Minister of Health
- In office 4 January 1955 – 6 January 1955
- President: Carlos Ibáñez del Campo
- Preceded by: Sergio Altamirano
- Succeeded by: Jorge Aravena Carrasco

Minister of Mining
- In office 5 June 1954 – 6 January 1955
- President: Carlos Ibáñez del Campo
- Preceded by: Roberto Aldunate
- Succeeded by: Diego Lira Vergara

Personal details
- Born: 29 March 1904 Santiago, Chile
- Died: 10 May 1970 (aged 66) Santiago, Chile
- Spouse: Emelina Arce
- Children: 2
- Parent(s): Pedro Uribe Herminia Herrera
- Alma mater: University of Chile (LL.B)
- Profession: Lawyer

= Armando Uribe Herrera =

Chilean politician (1904-1970)

Armando Uribe Herrera (Santiago, 29 March 1904 – Santiago, 10 April 1970) was a Chilean lawyer, academic, and politician who served as a minister of state during the second government of President Carlos Ibáñez del Campo between 1954 and 1955.
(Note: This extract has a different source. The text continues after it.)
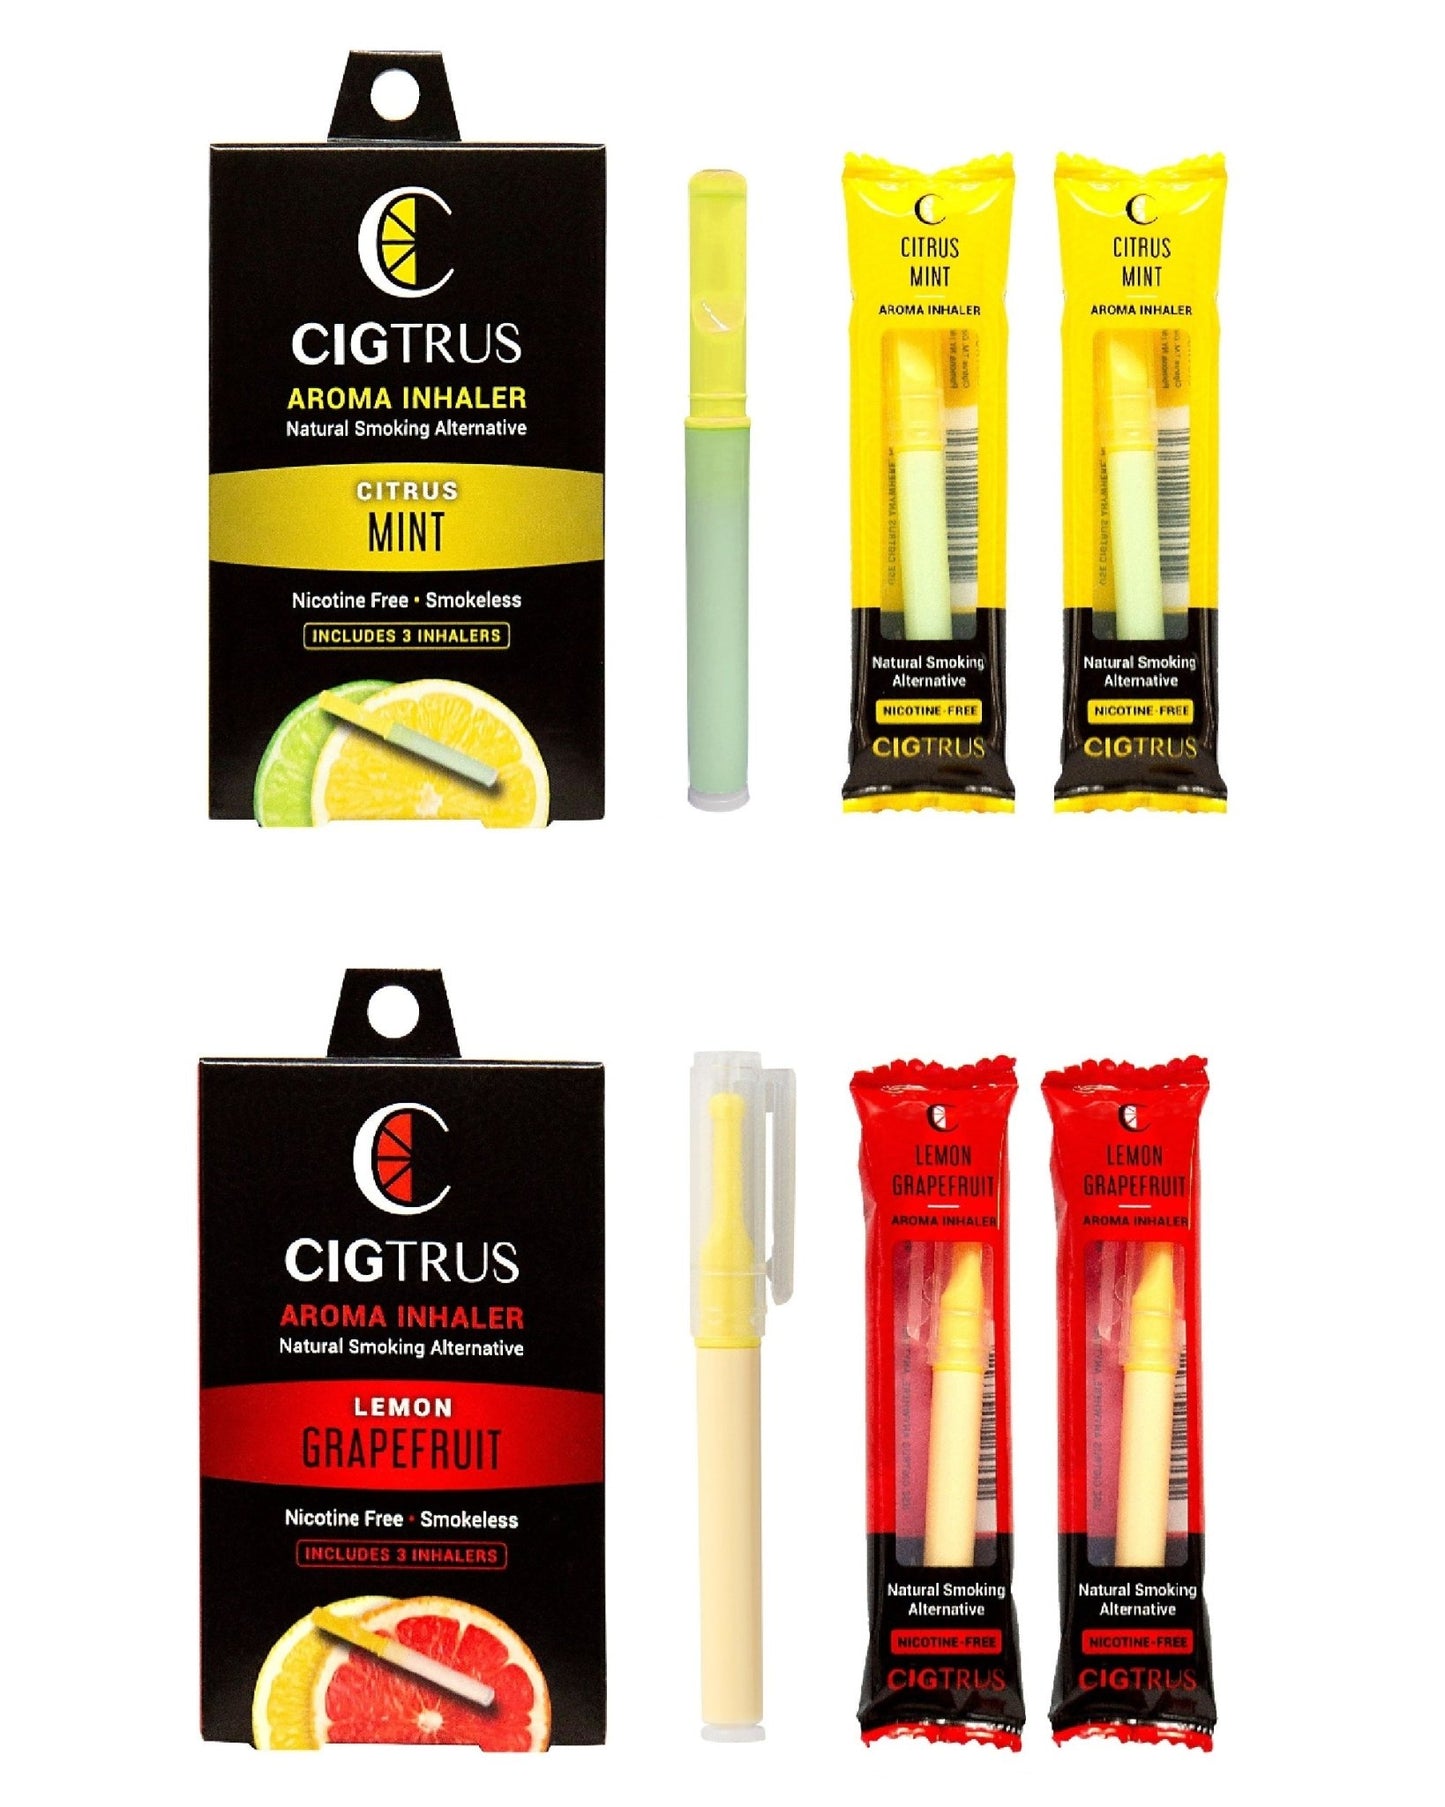 Cigtrus Stop Smoking Behavioral Support Quit Aid Help Nicotine-Free Safe & Natural Remedy - The Citrus Collection Grapefruit & Lemon Lime 3 Pack Each Flavor - cigtrus.comcigtrus.com

== Family and education ==
He was born in Santiago de Chile on 29 March 1904, the second of three children born to Pedro Uribe Uribe and Herminia Herrera Barriga. He studied at the Faculty of Law of the University of Chile, graduating as a lawyer around 1928.

He married Emelina Arce Coo, daughter of Ramón Nonato Coo Serrano and Luisa Tagle Jordán; the latter was the daughter of Carmen Jordán Echenique and politician José Agustín Tagle Echeverría, who served as a deputy for Linares between 1843 and 1846, for Petorca between 1858 and 1861, and for Cauquenes and Constitución between 1861 and 1864. The couple had two children, Leoncio Armando and María de la Luz.

== Public career ==
Politically unaffiliated, during the second government of President Carlos Ibáñez del Campo, he was appointed Minister of Mining on 5 June 1954 and served in the post until 6 January 1955. Concurrently, from 4 to 6 January 1955, he served as acting Minister of Public Health and Social Welfare, replacing the incumbent minister, Sergio Altamirano.

Among his other activities, he served as director of the magazine Carreteras and was a law professor at the University of Chile. He died in Santiago on 10 April 1970, aged 66.